You can buy an MPPT controller designed specifically to do exactly that. Except, it would probably continue charging at a lower rate when the power was insufficient. Why would you not want to do that? Why cut it off if it could only charge at say 9A instead if 10?

I don't want to buy an MPPT charger; I'm just curious about how to solve this issue.

 

So what occurs when that happens that you want to prevent?
Does it discharge the battery?

Yes, I want to prevent the battery current from flowing back to the solar panel. This is necessary because, with a non-isolated buck converter, when there is no solar power being generated, the power from the battery flows towards the solar side. I could use a diode to prevent this, but there is a concern about power losses, especially since it's rated for 20 amps.

 

OK, so to simply isolate the solar panel from the battery, use a diode rated for enough current. Yes, some power will be wasted, how much do you pay for the sunshine on the solar panel? And if you use a relay, they also consume power. You will not get a simple scheme than an adequate rated diode.

 

when there is no solar power being generated, the power from the battery flows towards the solar side.

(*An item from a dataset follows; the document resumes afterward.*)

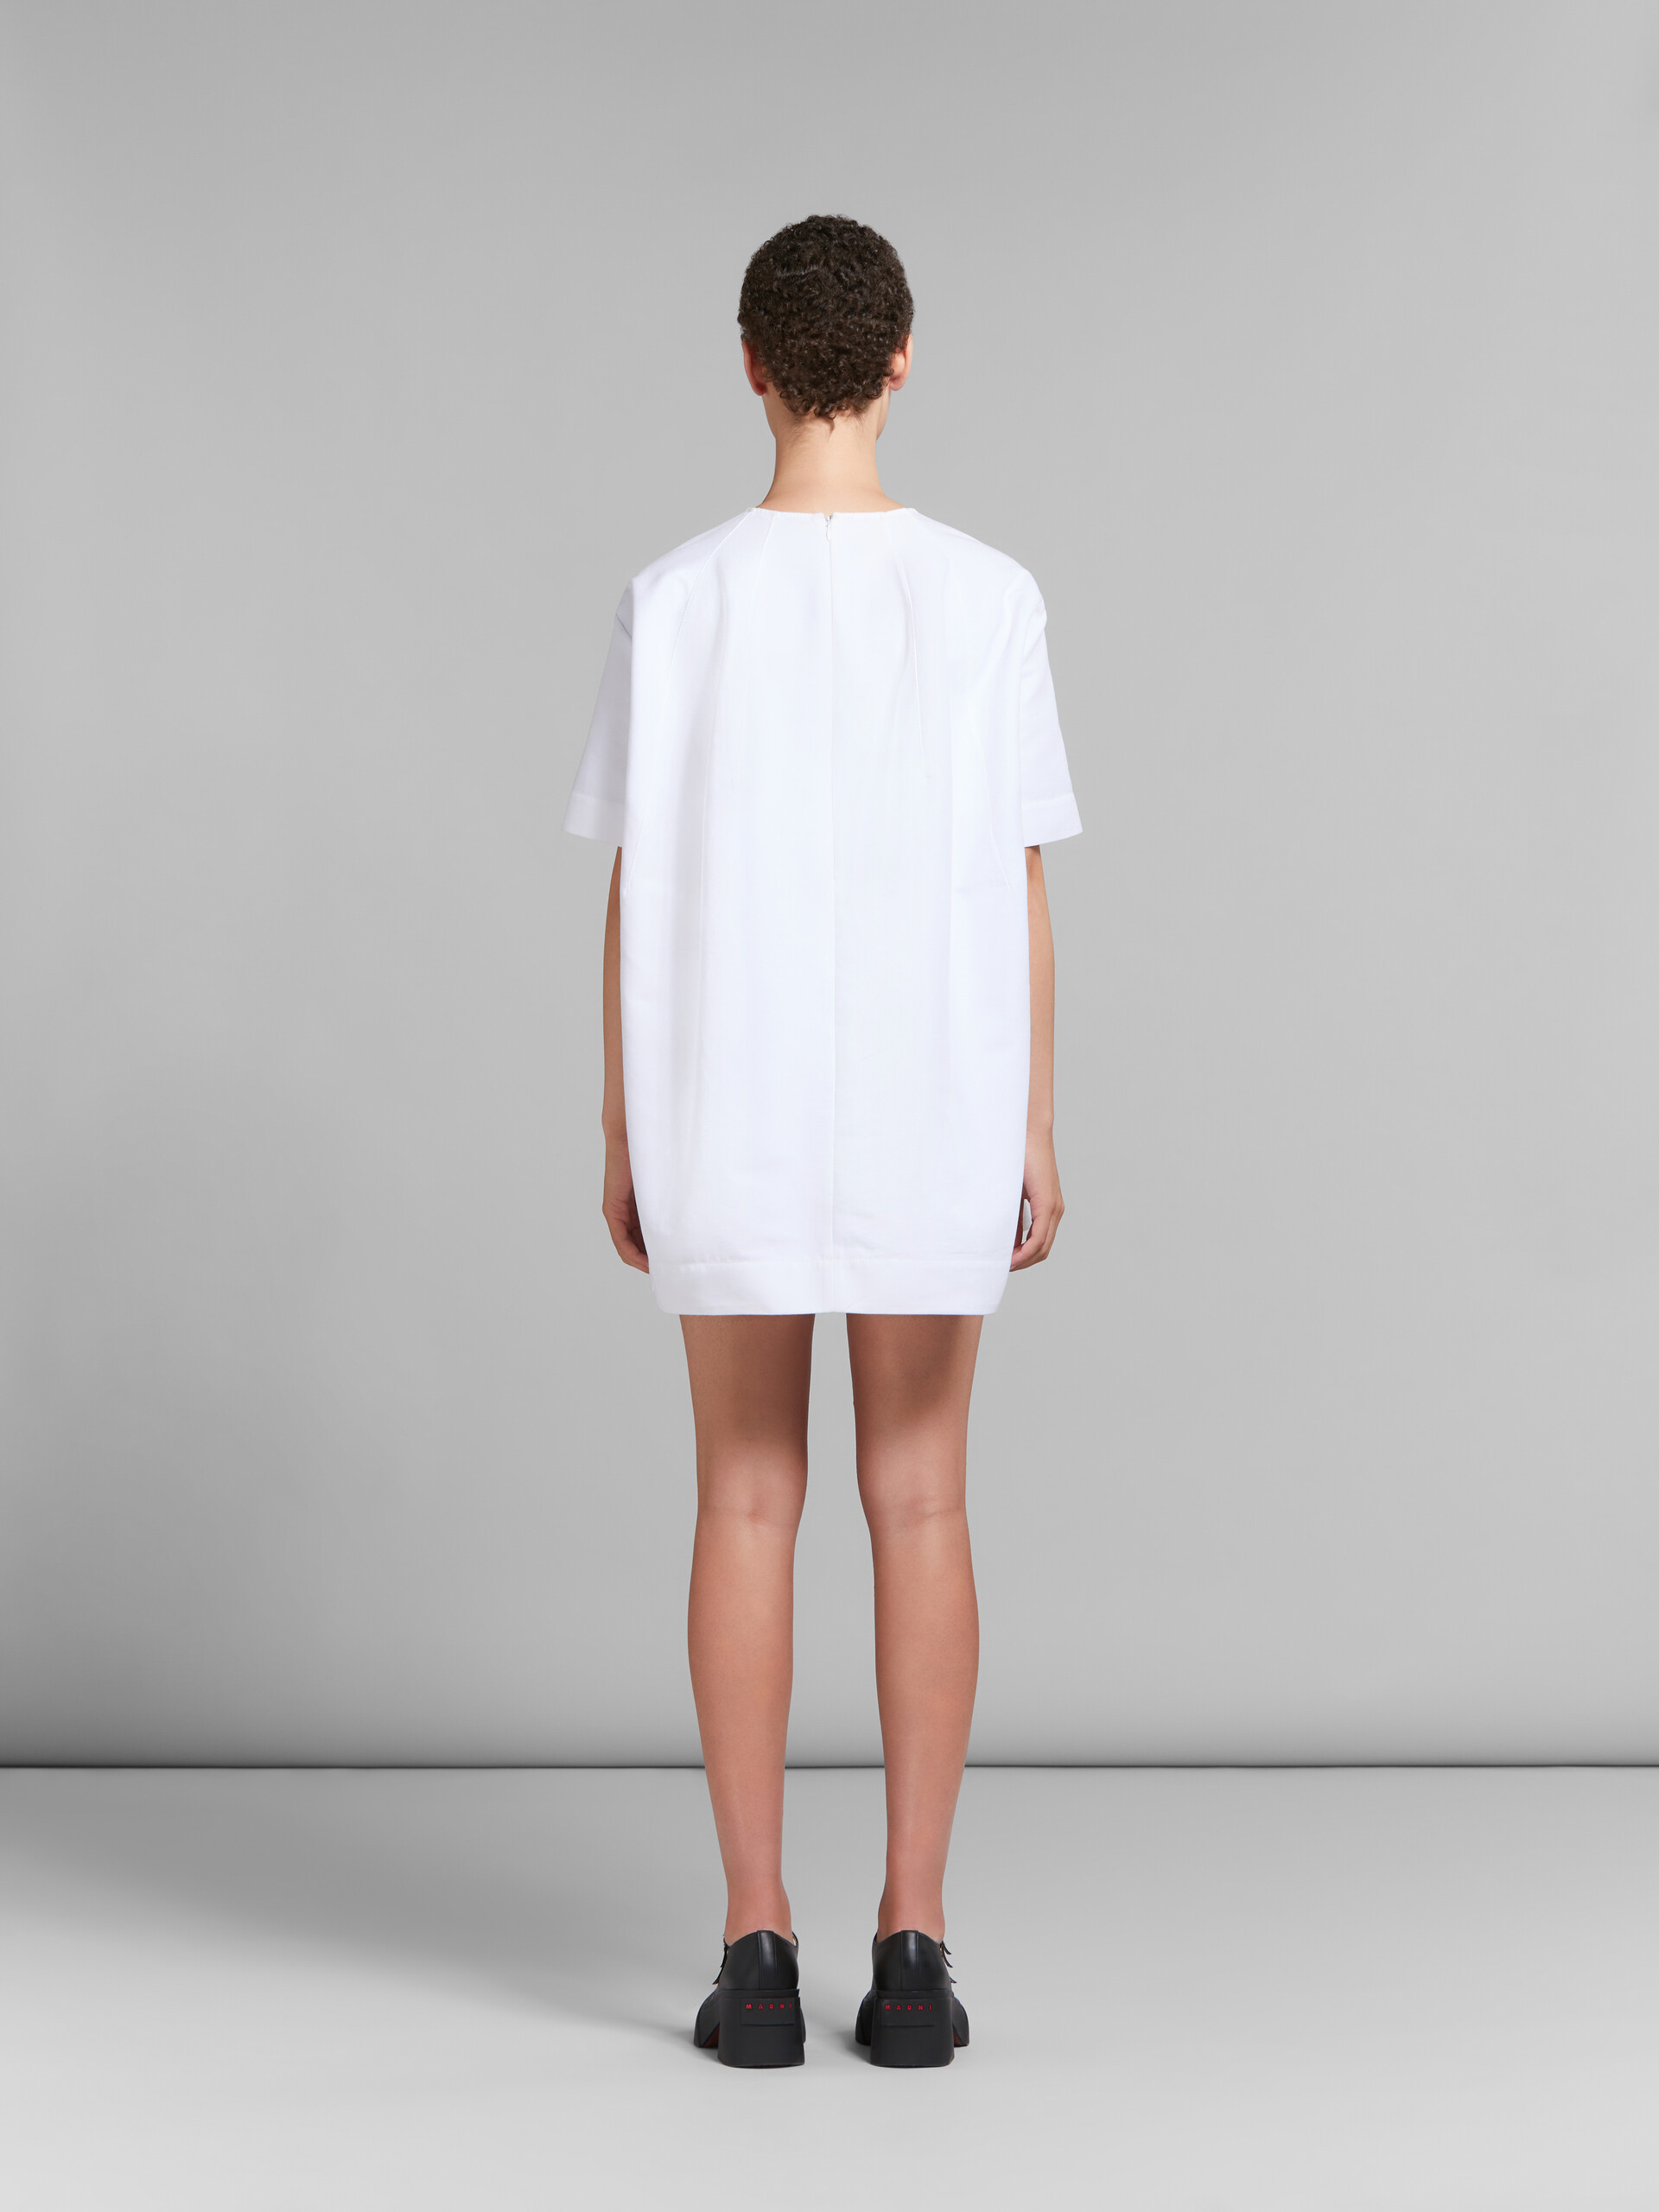 Vestido de cady blanco de corte mini cocoon - Vestidos - Image 3

Yes, but I think a 42V solar panel will not absorb significant current from the 12v battery when it is not illuminated.

Otherwise, a Schottky diode will waste significantly less power than a standard diode.

 

Yes, but I think a 42V solar panel will not absorb significant current from the 12v battery when it is not illuminated.

Otherwise, a Schottky diode will waste significantly less power than a standard diode.

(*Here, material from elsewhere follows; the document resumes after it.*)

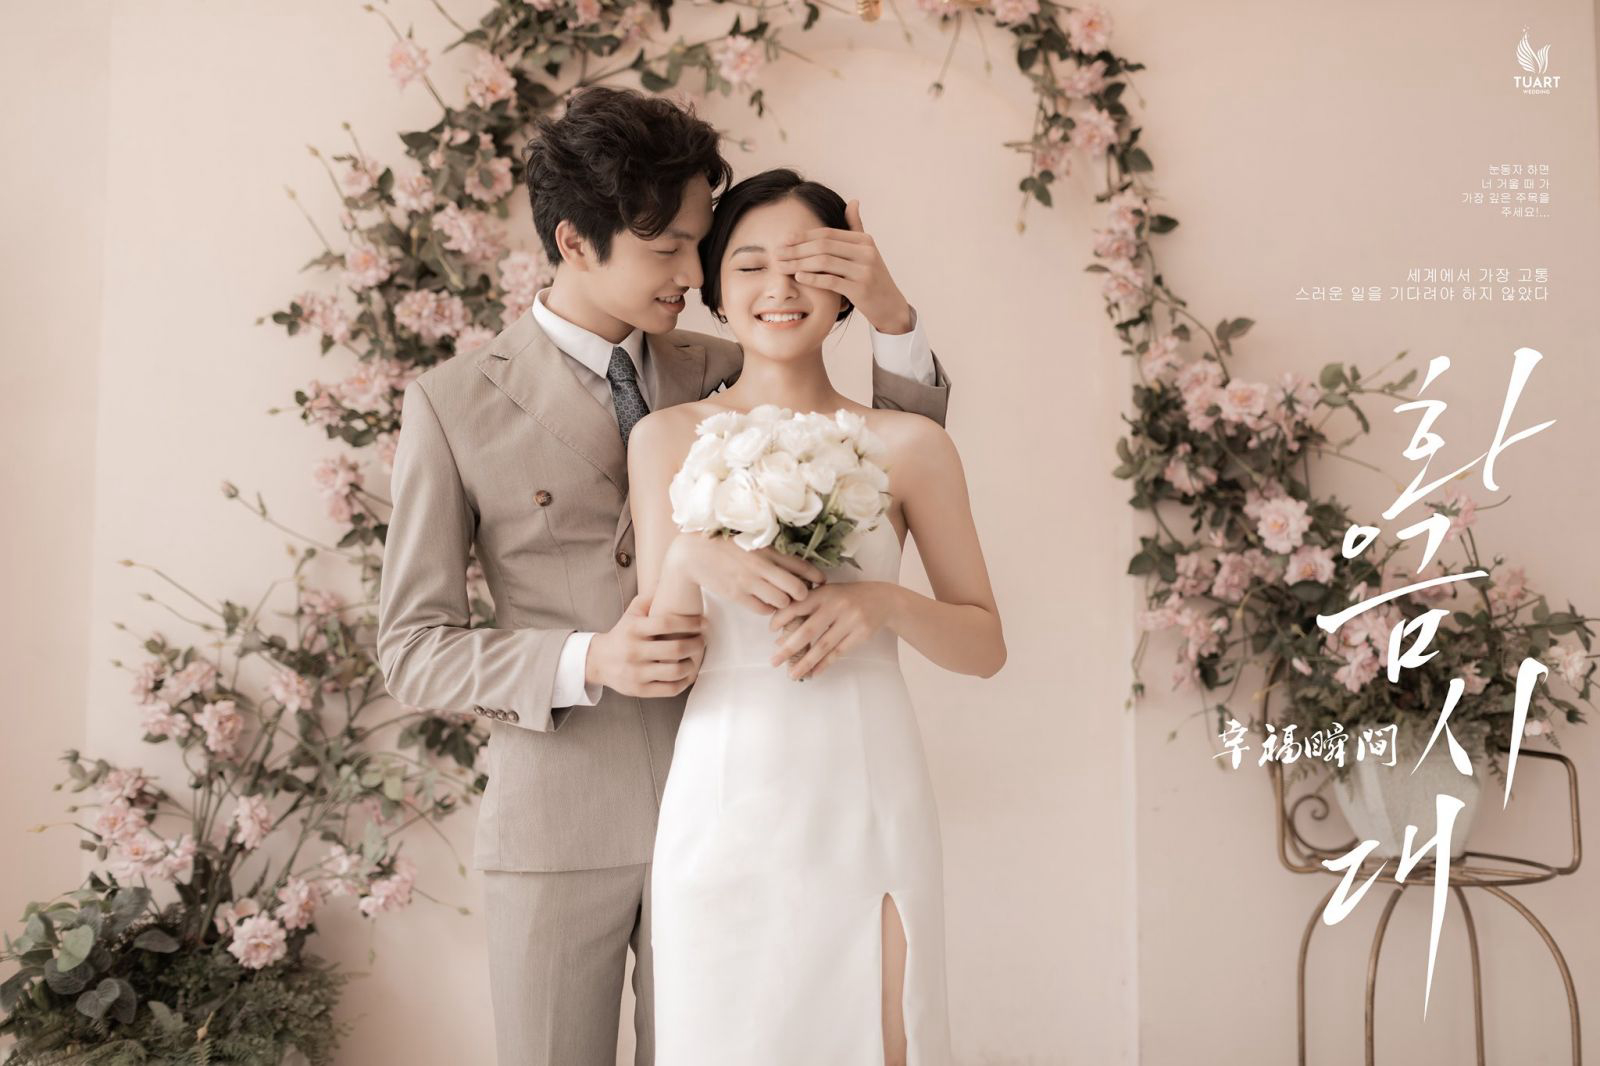 Tiệm Áo Cưới Như Ý - High-end Wedding Studio (2019)

I would not bet money on that being the case. At lease not in every instance.

 

I would not bet money on that being the case. At lease not in every instance.

Okay.
But since a solar panel consists of many photoelectric diodes in series, I would think that applying 12V to a 42V unlit panel would not allow much back current through all those series diodes.

Certainly that's something that could easily be tested on the panel.

 

I believe there is no need at all to install a ´blocking' diode in series for battery discharge prevention.
When dark, the panel still behaves as a diode itself and does not allow battery discharge trough it.
When insolated, generates more than the battery voltage and charges it.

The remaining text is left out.